De Sergio Endrigo só não aprecia quem não o conhece; ouça Io Che Amo Solo a Te ou La Arca di Noe para sentir o frisson. Em San Remo (1968) dispôs a composição que intitula essa crônica para Roberto Carlos e o Rei levantou a taça. Pela TV P&B, inebriados, de repente, em Cruz Alta, todos cantávamos em italiano fluente, tal qual Gianni Morandi. Canzone per Te representou bem mais do que poderia ser. Foi o epílogo uma era musical. Era o fim da romântica Jovem Guarda. O Rei amadurecera, havia outros apelos musicais, a Tropicália dos Mutantes e da guitarra na música brasileira, os baianos velhos e novos. Tinha os milicos, tinha Glauber, Vandré, Chico em grande forma e a turma queria protestar contra tudo, não havia mais espaço para manifestações pueris. Era hora de aposentar o iê-iê-iê inglês mesmo porque os próprios Beatles cientes da finitude de sua parceria compunham músicas intimistas. Era hora de parar de pular e gritar e abordar temas mais adultos. Viva à Janis Joplin, Hendrix, Lou Reed, Joan Baez. Viva a paz, sexo, bebidas, drogas lícitas ou não, tudo...tudo, menos a guerra, nada de guerra porque agora a turma era do papo cabeça e as necessidades estavam além de baladinhas dançáveis.

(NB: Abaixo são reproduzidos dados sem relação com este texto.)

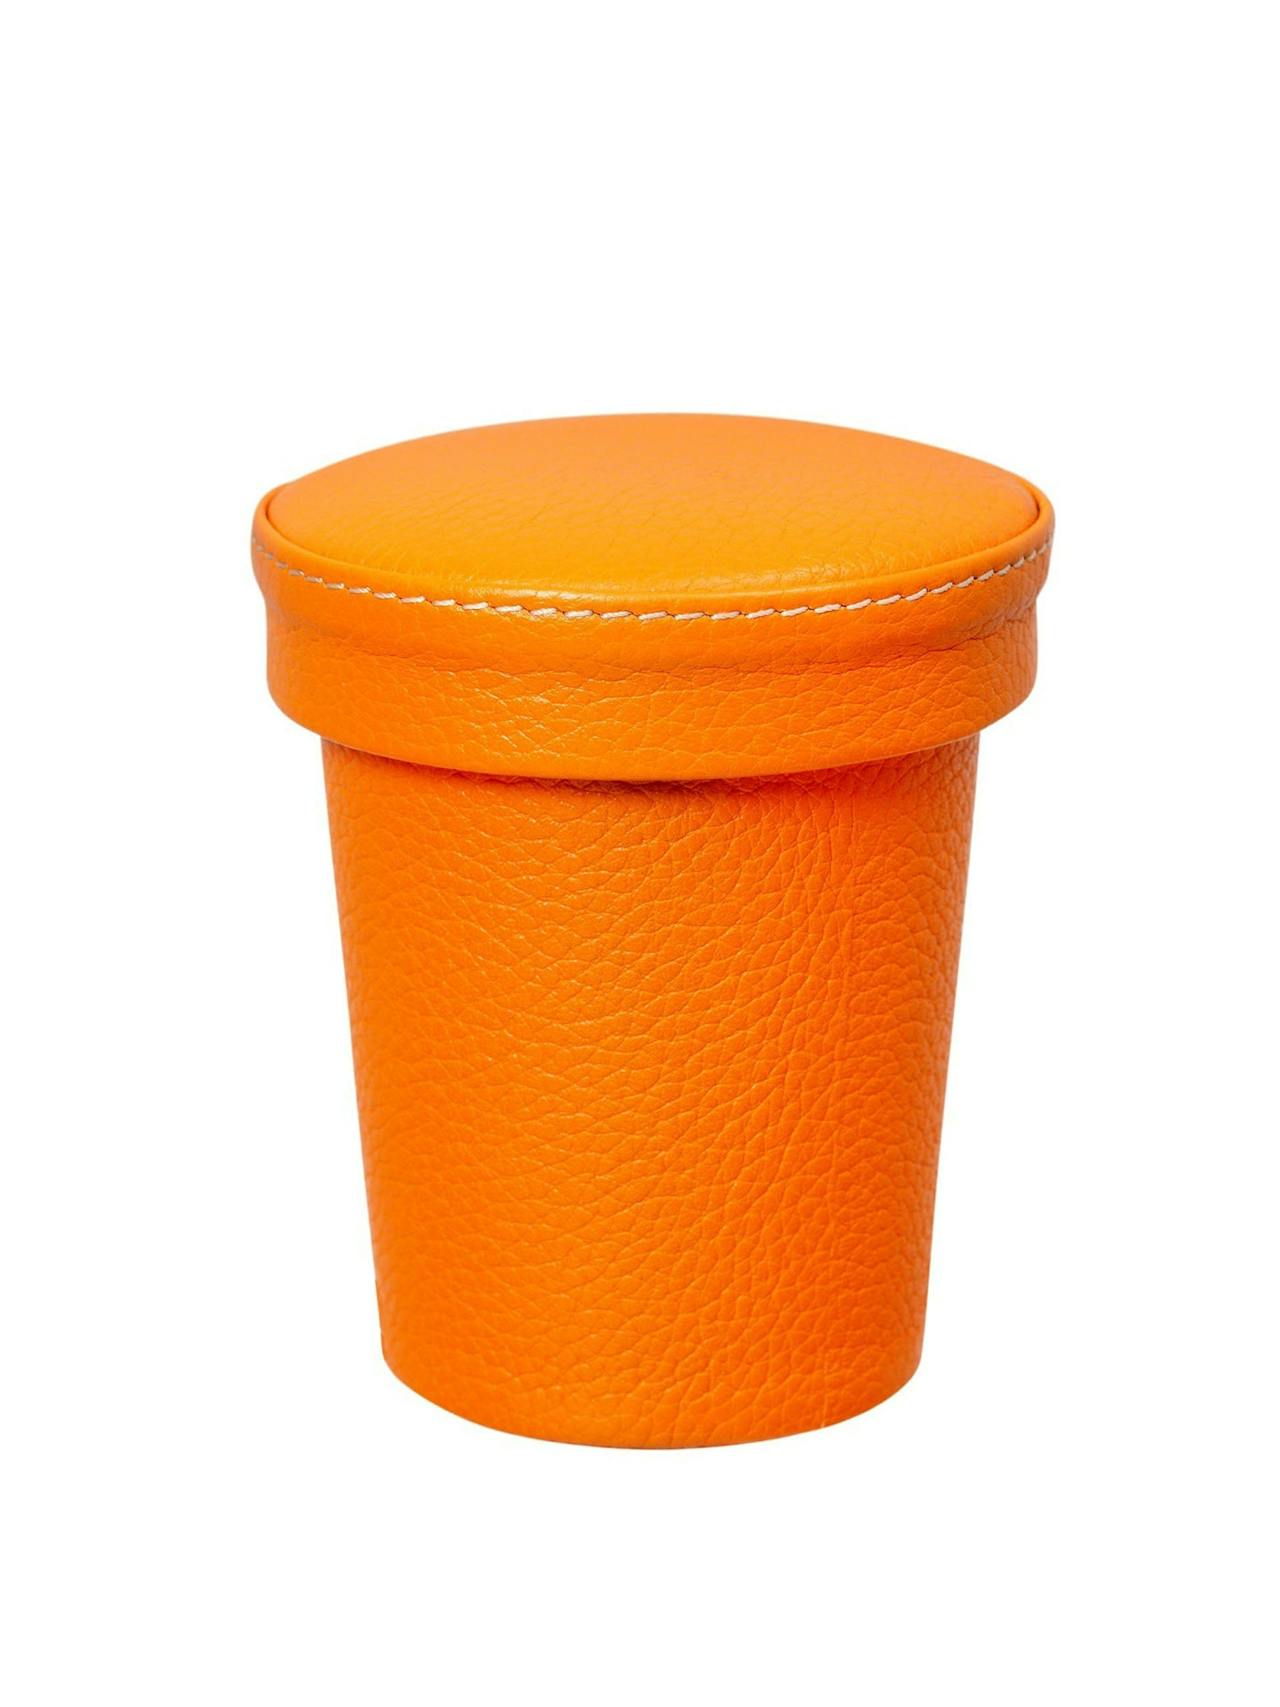 Chelsea leather dice cup in tangerine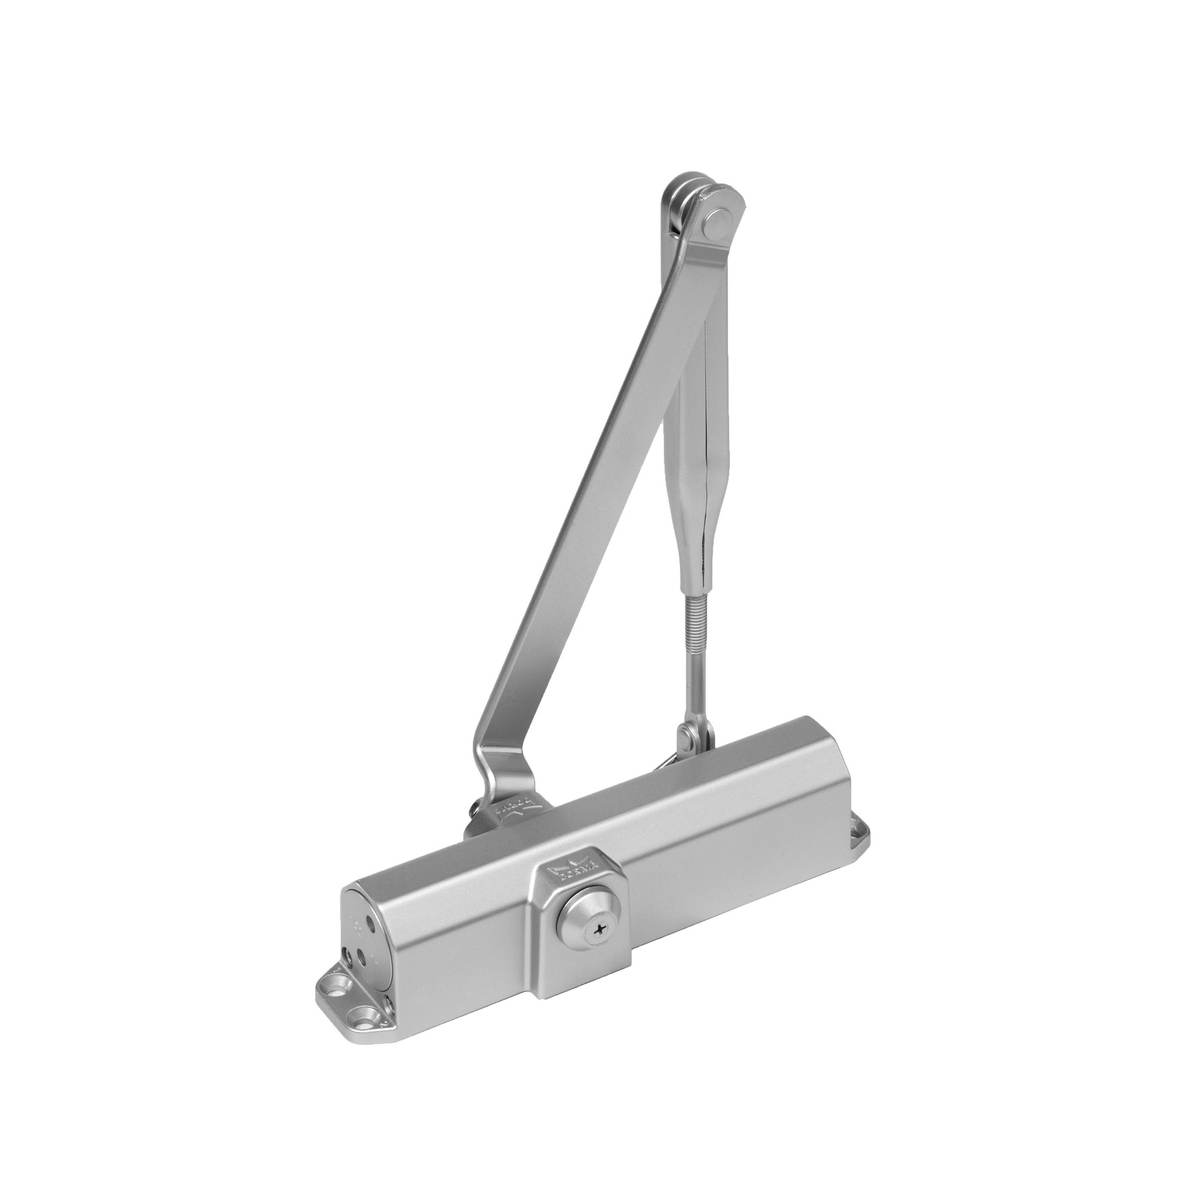 This is an image of the DORMA TS Compakt door closer.

O Rei encostou de lado o calhambeque logo após San Remo. Erasmo leu perfeitamente o que acontecia e compôs a linda Sentado à Beira do Caminho, tão impactante que Braulio Pedroso na novela Beto Rockfeller incluiu um megaclipe marcando Luís Gustavo a caminhar pelas ruas de São Paulo, introspectivo, ao som dessa música sob a direção de Lima Duarte. Era hora da libertação do Rei, assim como aconteceria com os Beatles, hora de deixar eclodir os talentos individuais e Erasmo entristecido, quase resignado canta...eu não posso mais ficar aqui, a esperar...que um dia, de repente, você volte para mim...preciso acabar logo com isso, preciso lembrar que eu existo...Ruptura, transformação, traumática ou não, mas absolutamente necessária. Não éramos mais os mesmos, a não ser em momentos inebriantes de saudosismo, momentos em que resgataríamos a inocência despossuída da crítica ácida sobre a sociedade e comportamentos. Nada de rebeldia, nada mais de cantar e pular, apenas amar do amor demais. A ruptura liberta, muitas vezes para melhor e talvez seja, também por isso, que sou muito mais dos Beatles do que Rolling Stones. Rolling é grupo, trabalho em conjunto e acho que nunca aventuraram em carreiras solos (?). Já os bad boys de Liverpool eram talentos individuais aglutinados, genialidade quase metafísica. É como se os Beatles fossem a seleção brasileira de 1970, Inter 1975-76, Grêmio de Felipão 1994-95-96. É evidente que é apenas minha opinião, cada qual tem suas percepções e seus amores incontidos. Pouco conheço das músicas dos Rolling, a não ser a mítica Angie que assisti num clipe do Fantástico em 1974, então perdão aí aos fãs de Mick Jagger.
Sobre a crônica de há alguns dias sobre Roberto Carlos e Eu recebi carinhosos comentários de Ironi Andrade e de Avelino Rockenbach. Professor Avelino referiu a marcante interpretação do Rei em Canzone per Te. E é para a sensibilidade e o carinho de meus amigos de sempre que dedico o que vai escrito. Para os corações abertos não há passado e nem futuro, a obra musical está sempre no presente.